— Collected data —
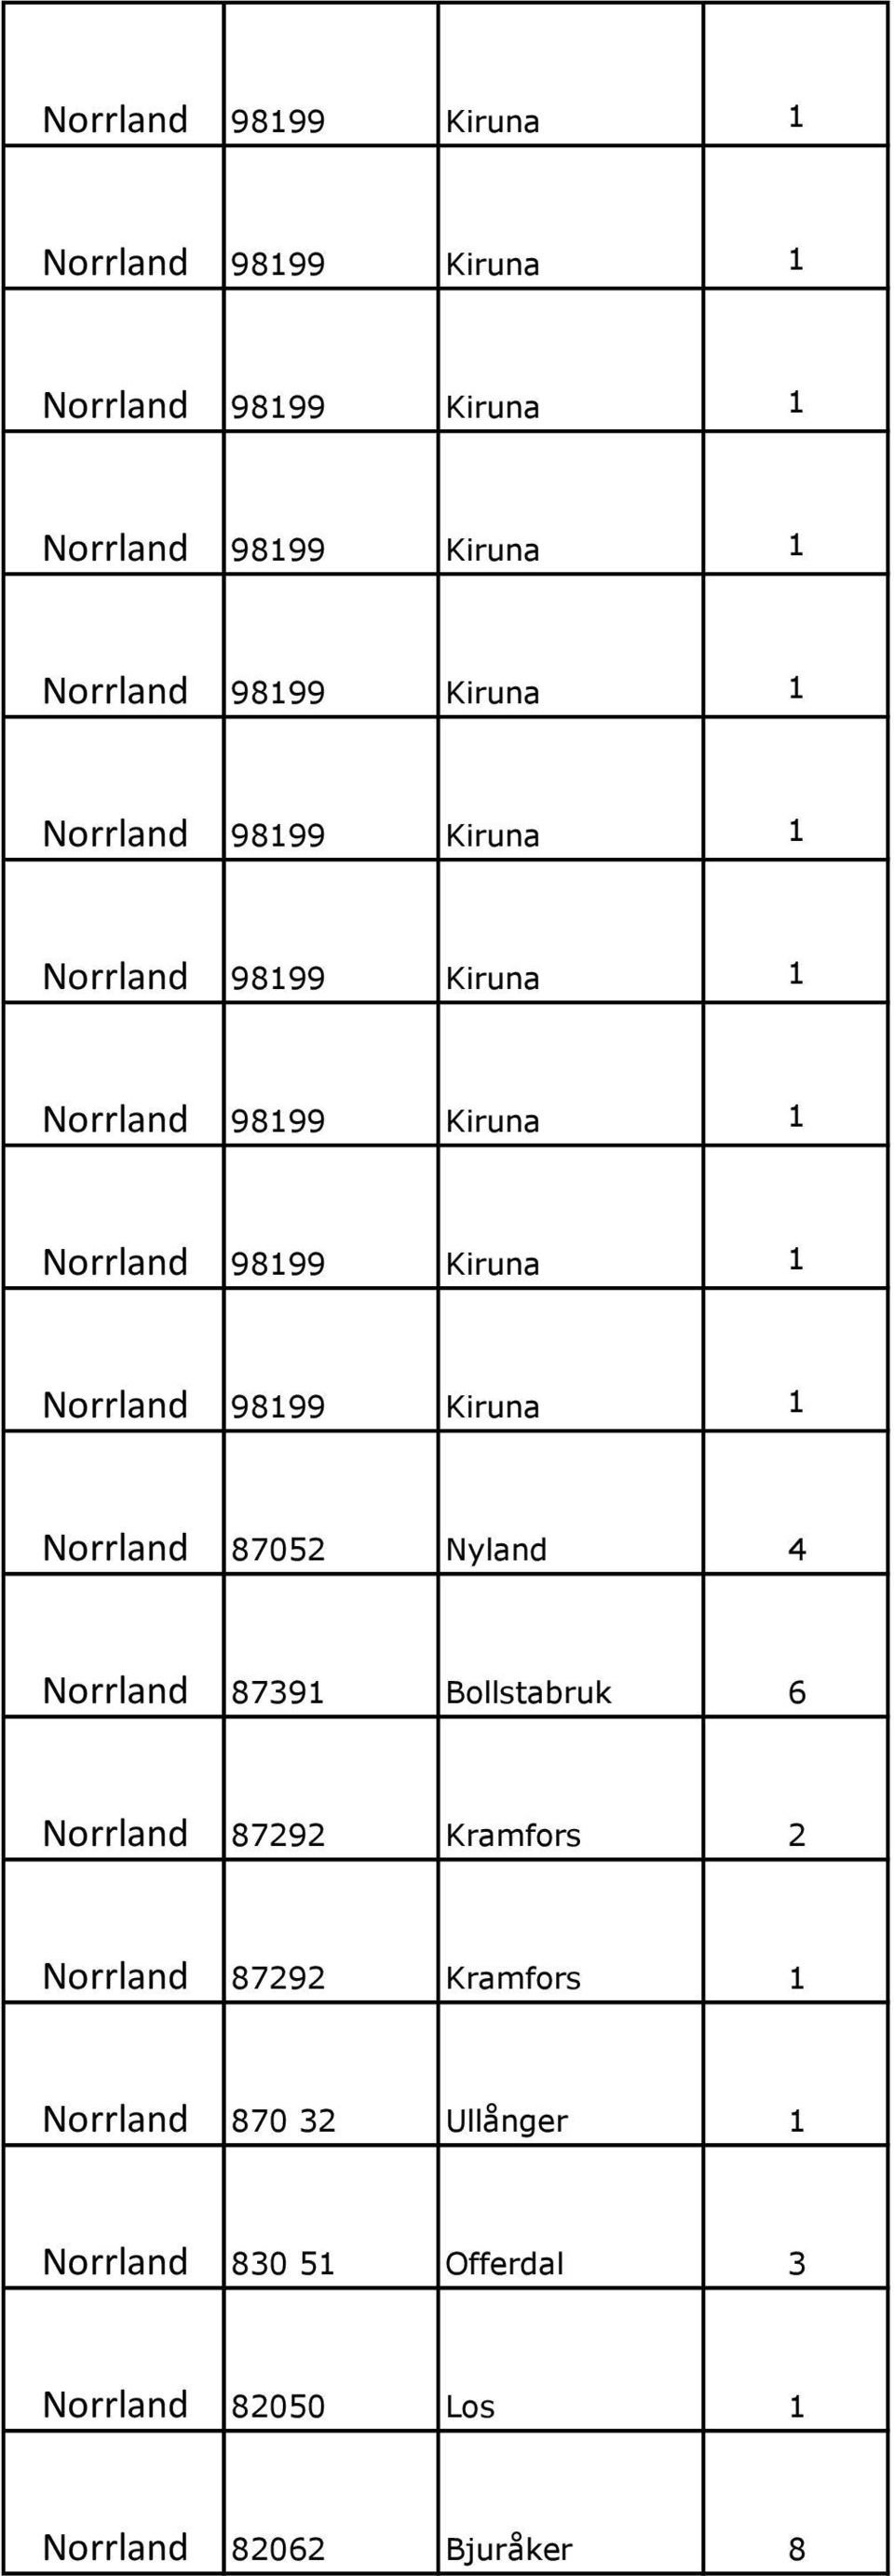 1 Norrland 870 32 Ullånger 1 Norrland 830 51
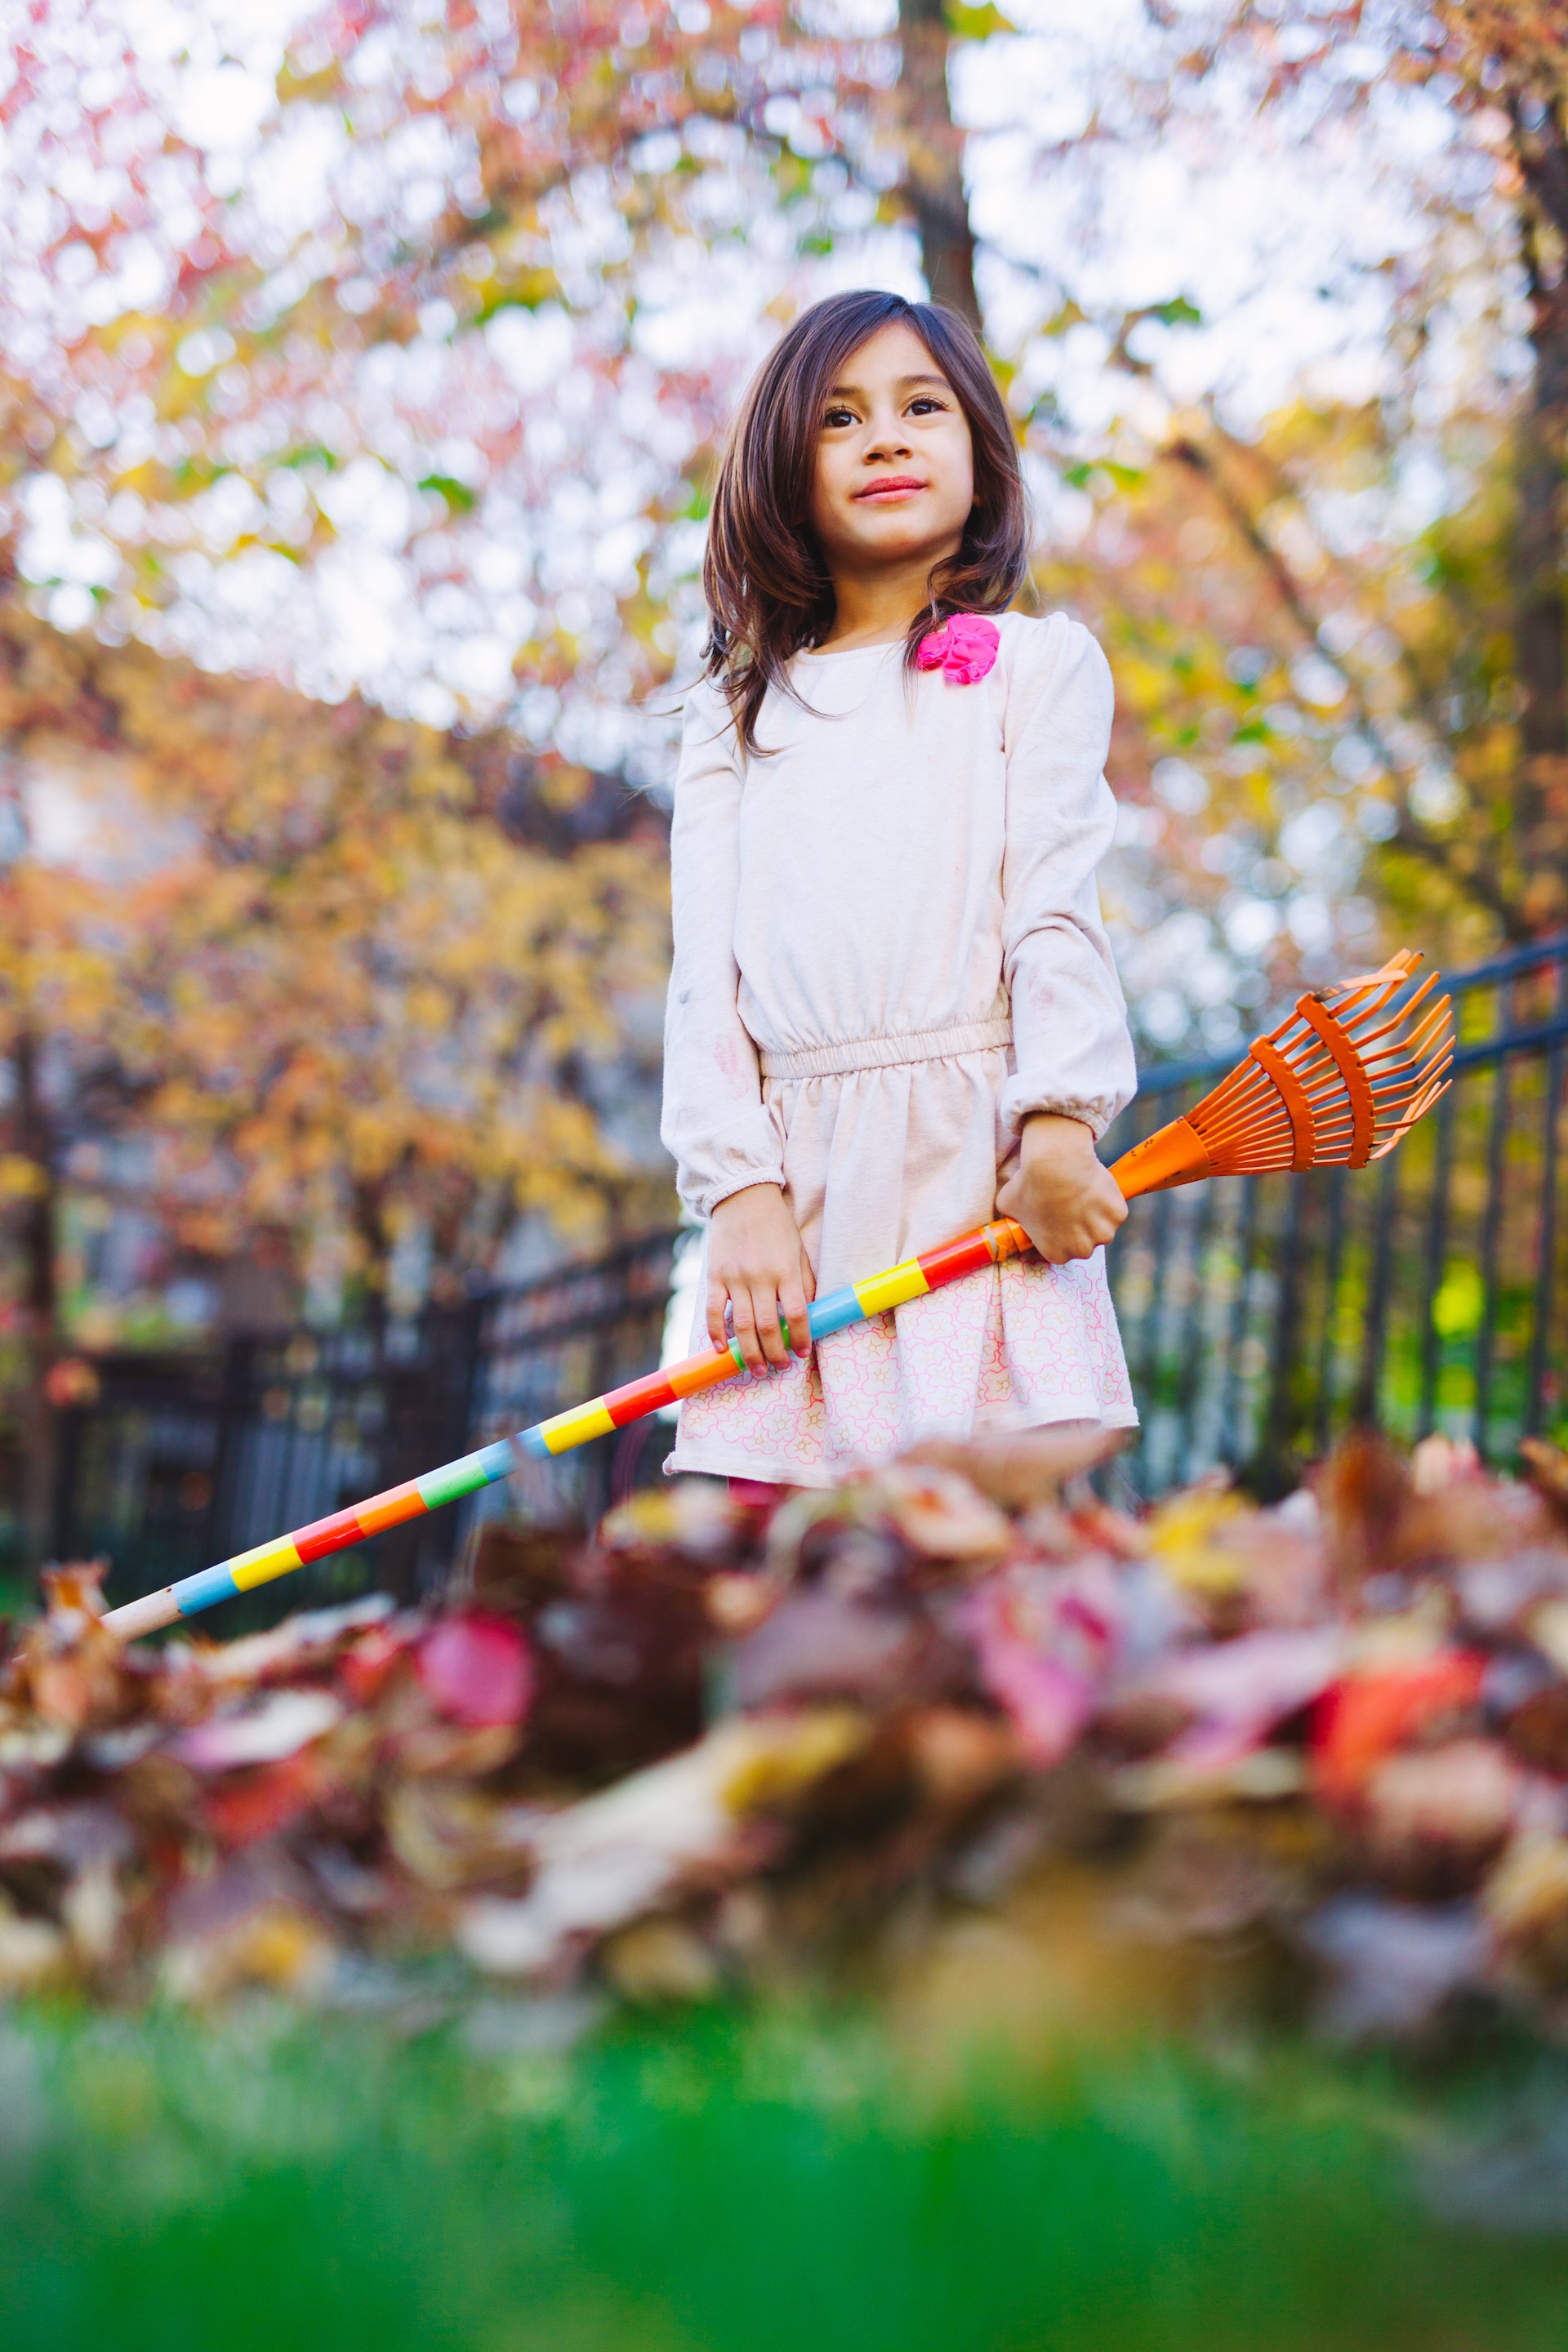 Herbstlicher Garten mit Kind
					©Joseph Gonzalez | unsplash

— Task requirements —
Ignoring the pictures, write out word for word the lines from the line containing "Herbstlicher Garten mit Kind" through the end of the material above.

— Reply —
 Herbstlicher Garten mit Kind
					©Joseph Gonzalez | unsplash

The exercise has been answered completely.